Most people here do not notice and blame the frosty look on lack of rain.

I sprayed for them last week.


----------



## JayTN (Jul 12, 2015)

I am using Grizzly at 3oz per acre with a repeat spray in about 5 to 7 days. It's been tough trying to break the cycle of the flies. I am spraying today.


----------



## Tim/South (Dec 12, 2011)

JayTN said:


> I am using Grizzly at 3oz per acre with a repeat spray in about 5 to 7 days. It's been tough trying to break the cycle of the flies. I am spraying today.

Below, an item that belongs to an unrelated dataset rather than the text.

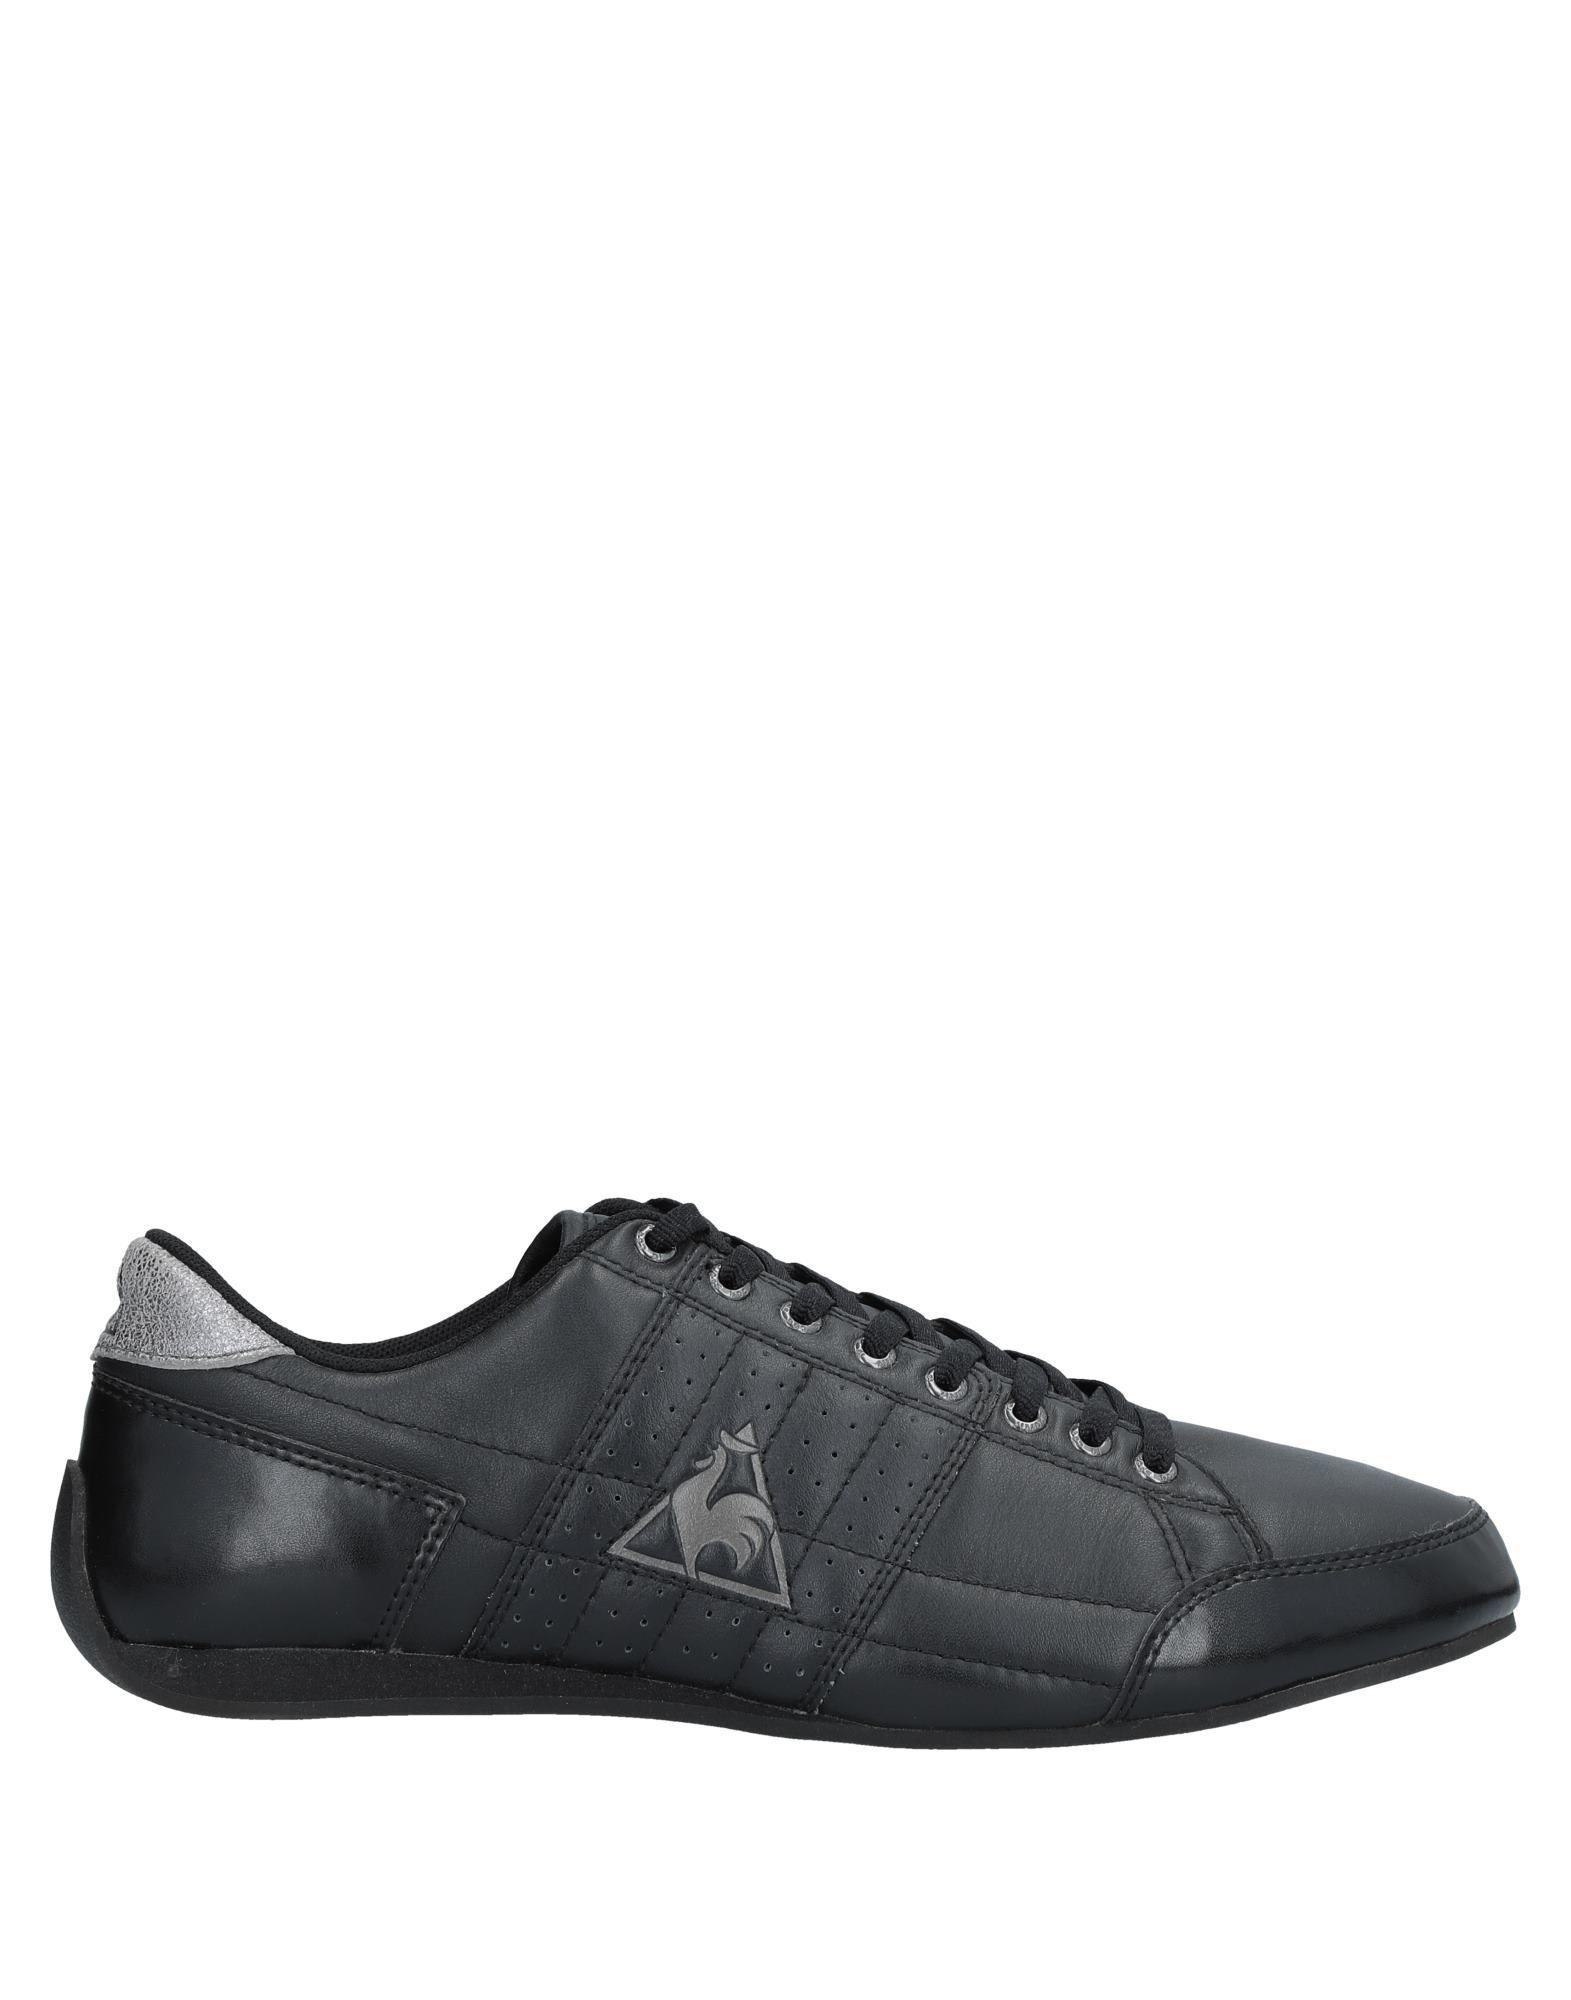 Sneakers Le Coq Sportif Donna - 11539139TU
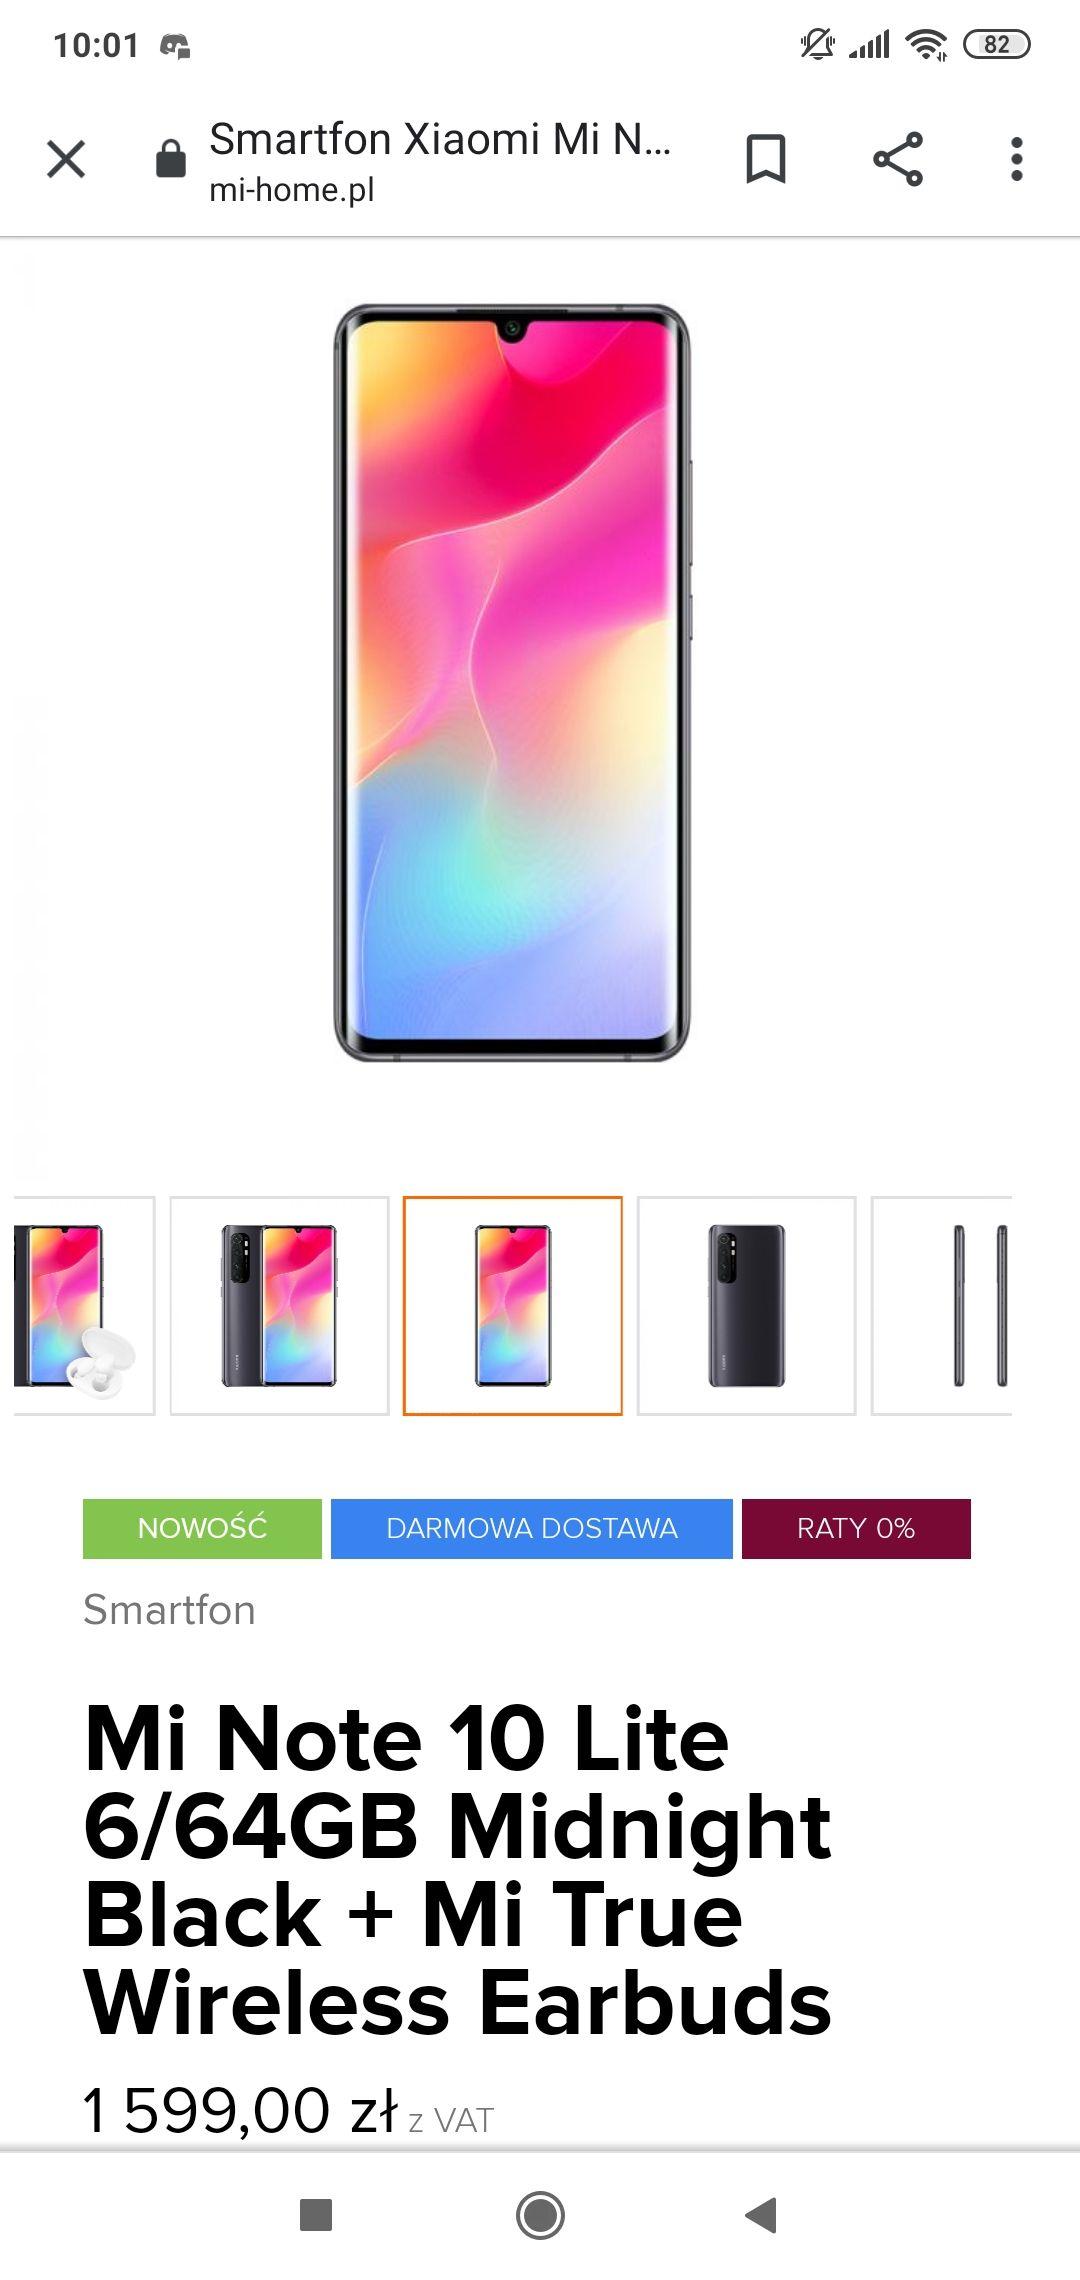 Xiaomi Mi Note 10 Lite + Mi True Wireless Earbuds

I have been fighting them since early summer. Since they are new here I am not sure there has been enough time to figure out the formula.

I know all of the Bermuda growers here are very frustrated. Bermuda is the king of horse hays locally. It is the bread and butter for many hay growers around here. Some have just thrown their hands up in the air. Nothing seems to work.


----------



## JayTN (Jul 12, 2015)

This is the first year fighting them here also, and what a nightmare they are. They are all over my yard and around my barn lot where I don't have enough room for the spray rig. And am pretty sure all over my neighbors yards as well. Like armyworms aren't bad enough, now we have these. I was even talking to one of the local doctors yesterday and he asked what I was about to go spray for. He described what the local football and soccer fields looked like this weekend and even they are covered up by the flies.

I have talked to everyone locally and nobody knows what to do with them. I have read every University study I can find and still nothing much better than to spray and repeat. If I can make it through my last cutting this week, I will have a game plan for next year. It will be like controlling pinkeye in our cattle. You will have to make sure anyone near you does there part to control the pests.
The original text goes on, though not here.